The PrideauxBrunes insisted that Ross must stay to supper and spend the night. Ross smilingly dissented and then allowed himself to be persuaded when it became clear that George was not here. He knew that Philip and Harriet were old friends. Most of them strolled on the terrace in the balmy evening light before supper was taken. Ross was a little put out by the presence of Mrs Bettesworth, Cuby's mother, a lady he had had some dealings with since Jeremy's death, but someone whom he never personally could bring himself to like. It was probably true that she had suffered a great deal coping with a spendthrift husband and then a spendthrift son; it could not have been a happy life attending race meetings at which their horses always seemed to come in fourth, or being dunned by creditors outside your back door while your son talked to the builders and planned some grandiose addition to a mansion which was already too big for them to keep up. But Ross found it hard to warm towards someone who had so strongly supported, indeed, perhaps was the stronger party in urging her pretty daughter to marry into the Warleggan fortune for the sake of the preservation of the family name and the family seat. Whenever Ross saw her she had a faintly injured expression, as if the world and life had dealt with her too harshly. He did not have an opportunity until Mrs Bettesworth, pleading a headache, had retired early to bed, to get Cuby on her own. (The kind, gentle Clemency had taken Noelle, protesting, in her wake.)

'Cuby,' he said, 'tell me how it is.'

She looked up at him with her velvety eyes, pulled a face of disquiet.

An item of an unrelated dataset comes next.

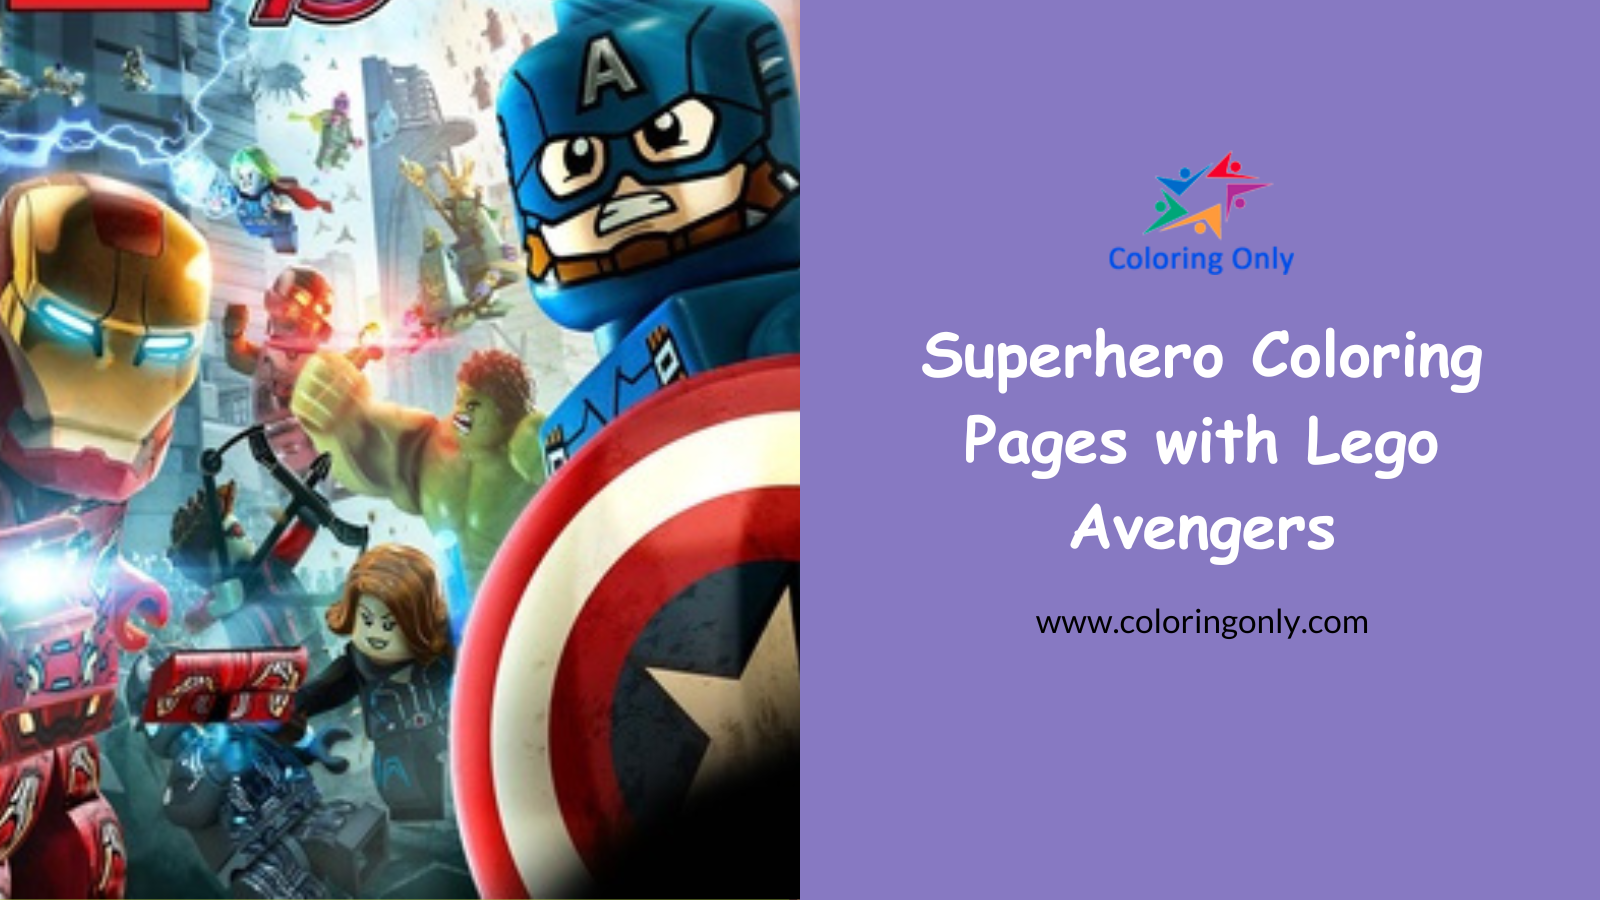 Superhero Coloring Pages with Lego Avengers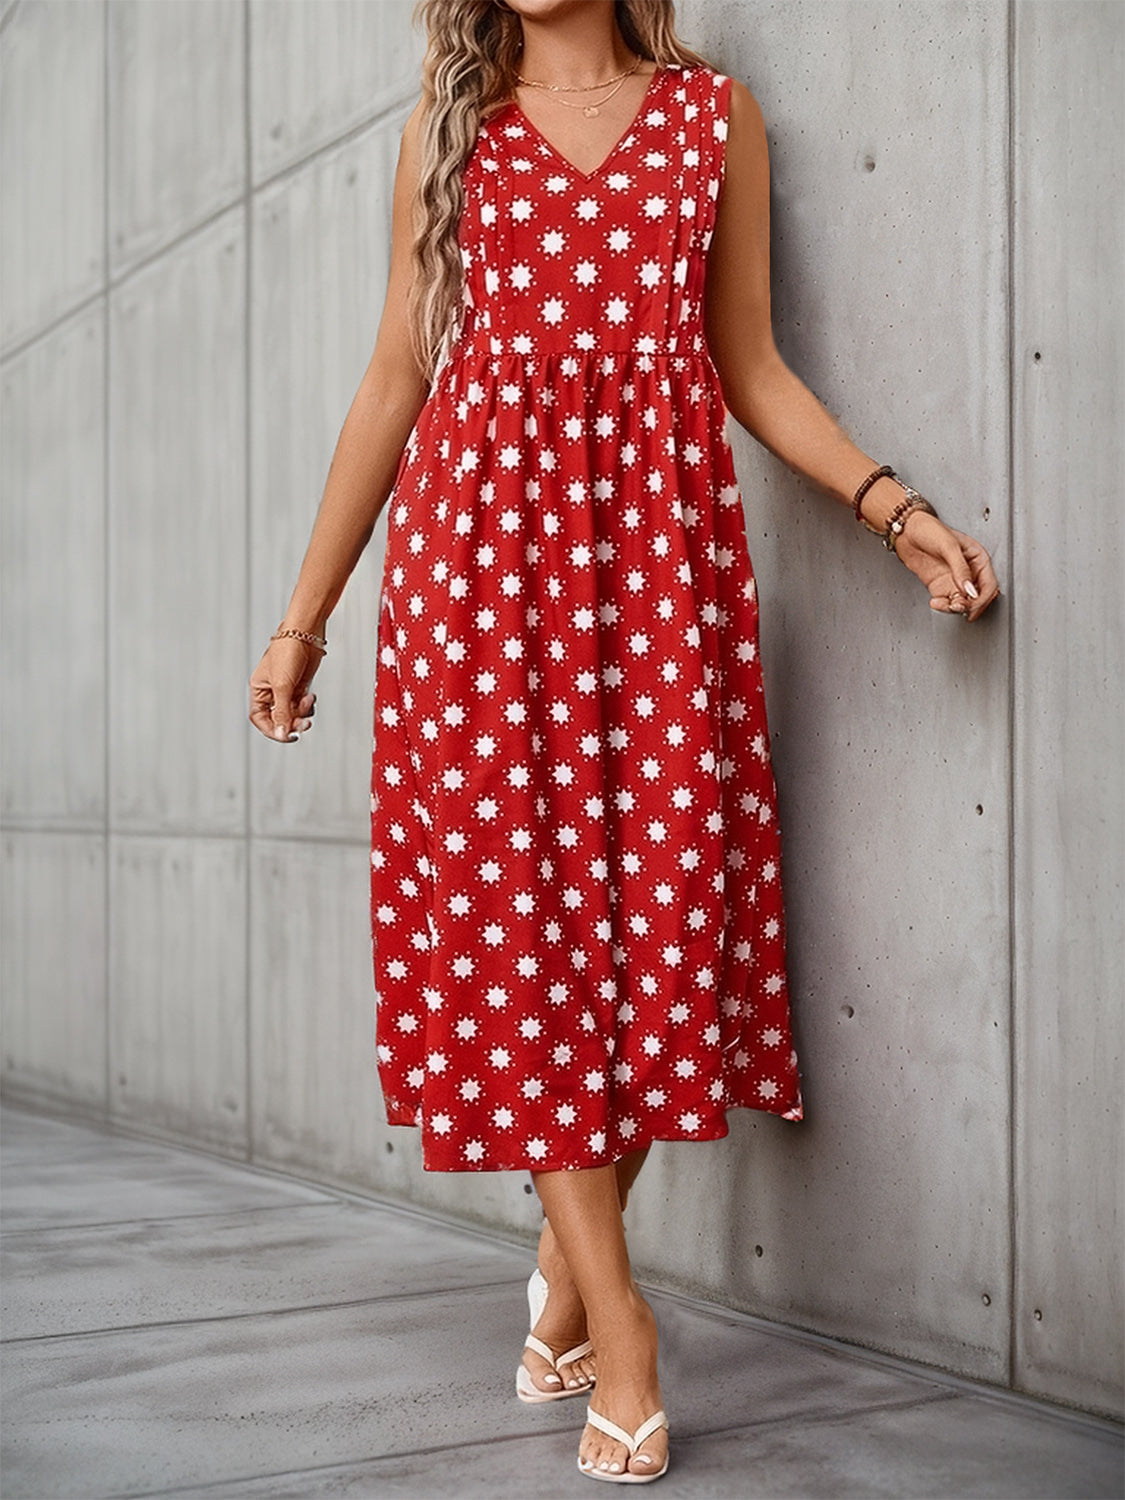 Sleeveless red dress adorned with white daisy motifs

'John has gone and will not be back until he can clear some of his debt. And that is not very likely. He is, I believe, going to Brussels. We all put together what money we had, to give him a chance of escape and of a few weeks of subsistence there. Perhaps you will pardon me for using some of the allowance you so kindly give me--'

Ross pursed his lips. 'What little I give you--'

'It is not little, my dear--'

'What little I give you is for your maintenance and to help Noelle. But the gift has no conditions. When there is an emergency

'I think this was an emergency. The bailiffs have taken possession of the house, and some of the furniture has been seized. My mother has laid claim to it, and I hope to go with her on Wednesday to put a stop to such seizures. The servants have all gone, most of them unpaid, the horses and the carriage, even the gardening implements .. .'

'Philip Prideaux told me you were thinking you might have enough to move into a small house somewhere - was it near Bodmin?'

"We went to see it this morning. It has three bedrooms, good water, two nice living rooms, a tiny kitchen, stables. We can manage.'

*Your mother would go with you?'

'I think she would have to.'

'Well, keep in touch with me, please. It might be worth my seeing this house; to look over it; even perhaps take a builder who could go over it for possible faults.'

'That would be very helpful. But I do not like to take up your time. With Bella being so ill, and Clowance and her new fiance, you will be busy.'

'I see too little of you both.'

'It is my fault; but I have been trying to help my brother keep his head above water.'

Still later he saw Harriet and Philip standing on the terrace deep in conversation. He exchanged a few words with Charles PrideauxBrune and then, as his host was called away, he saw the other two coming in off the terrace. Harriet was in a pale lemon-yellow dress inched at the throat and cuffs. As Philip Prideaux turned away, she looked at Ross ironically.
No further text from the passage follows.